Utilizamos uma linguagem informal para interagirmos com pessoas que, numa relação
hierárquica, ocupam a mesma posição que nós e com quem temos contato frequente ou
algum tipo de relação afetiva (entre amigos, irmãos, namorados, marido e mulher etc.).
Como temos certa intimidade com essas pessoas, não nos preocupamos, por exemplo,
se interrompemos o interlocutor.

Quando há hierarquia de poder, ou quando interagimos com pessoas com as quais


não temos contato frequente nem relação afetiva, a linguagem torna-se formal.

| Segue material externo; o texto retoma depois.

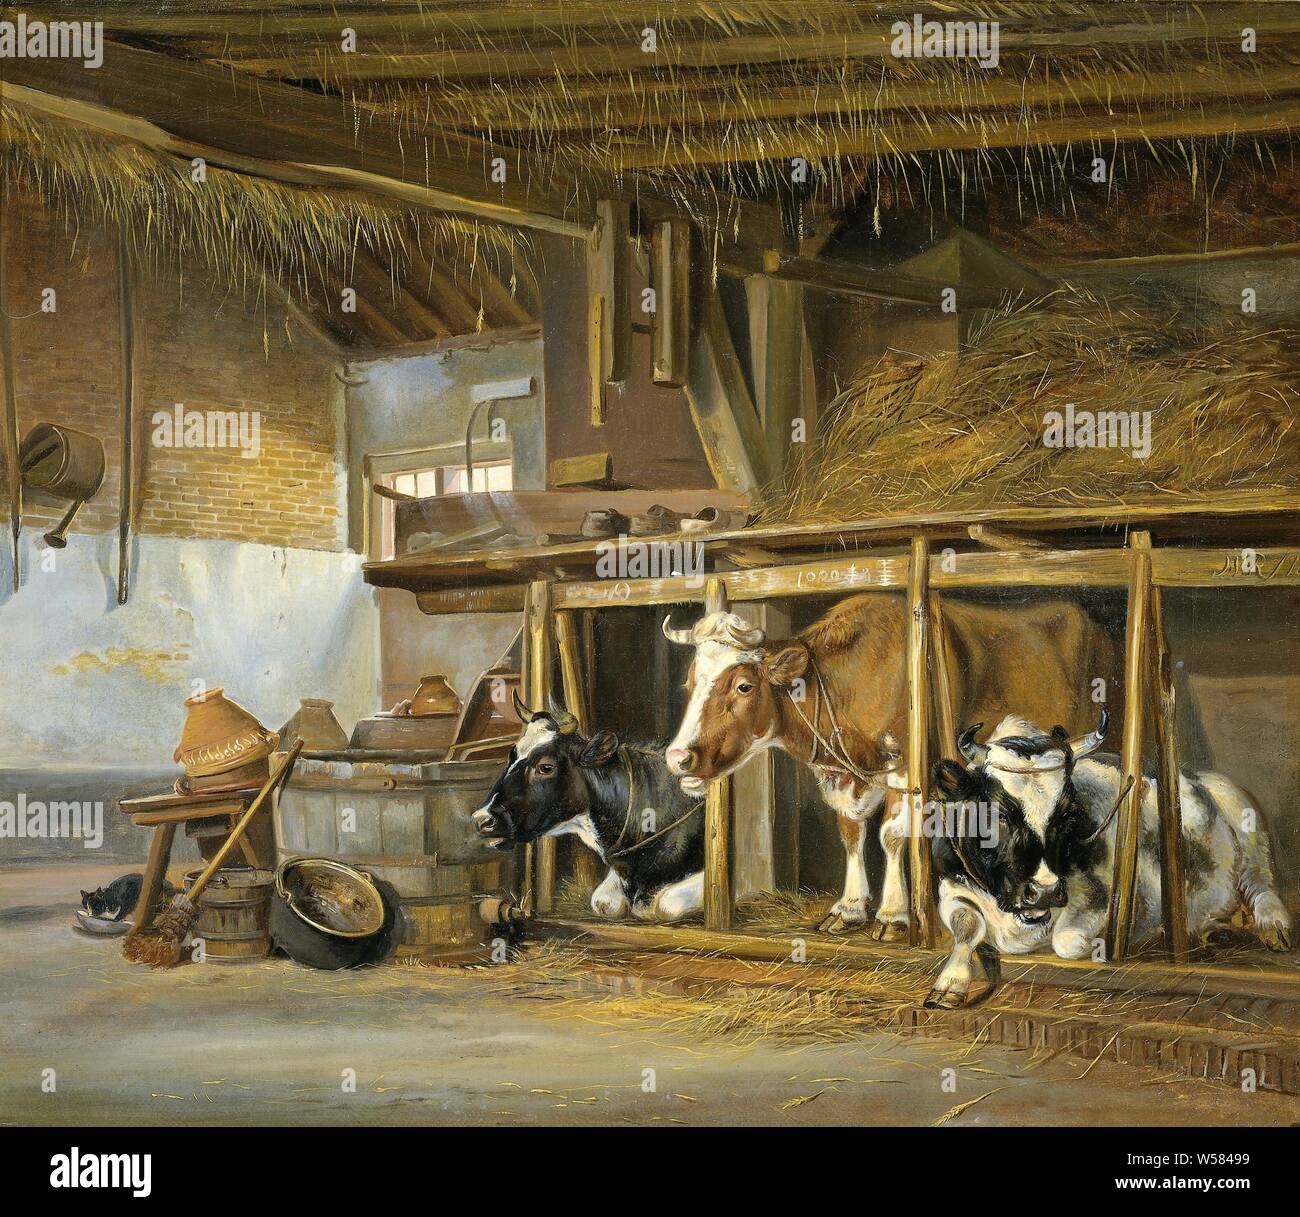 Vaches dans une étable, de l'intérieur d'un pays stable avec trois vaches. Sur la gauche, seaux, bouilloires et un chat qui boit du lait., Jan van Ravenswaay, 1820, toile, de la peinture à l'huile (peinture), h 39,1 cm × 46,4 cm × w t 2.2 cm d 9 cm Banque D'Images

A linguagem informal caracteriza-se pelo emprego de apelidos, de diminutivos, pelo


uso de gírias e de formas mais abreviadas de dizer. Além disso, procuramos expressar
atitudes (como prometer, apostar, jurar) e costumamos expressar nossas opiniões
claramente, dizendo, por exemplo, “eu acho”; e, frequentemente, utilizamos formas
para expressar a probabilidade, como “pode ser”, “talvez”, “é possível”. Em suma,
a linguagem informal é mais subjetiva na medida em que, nos contextos de maior
intimidade, podemos expor mais espontaneamente o que pensamos e o que sentimos.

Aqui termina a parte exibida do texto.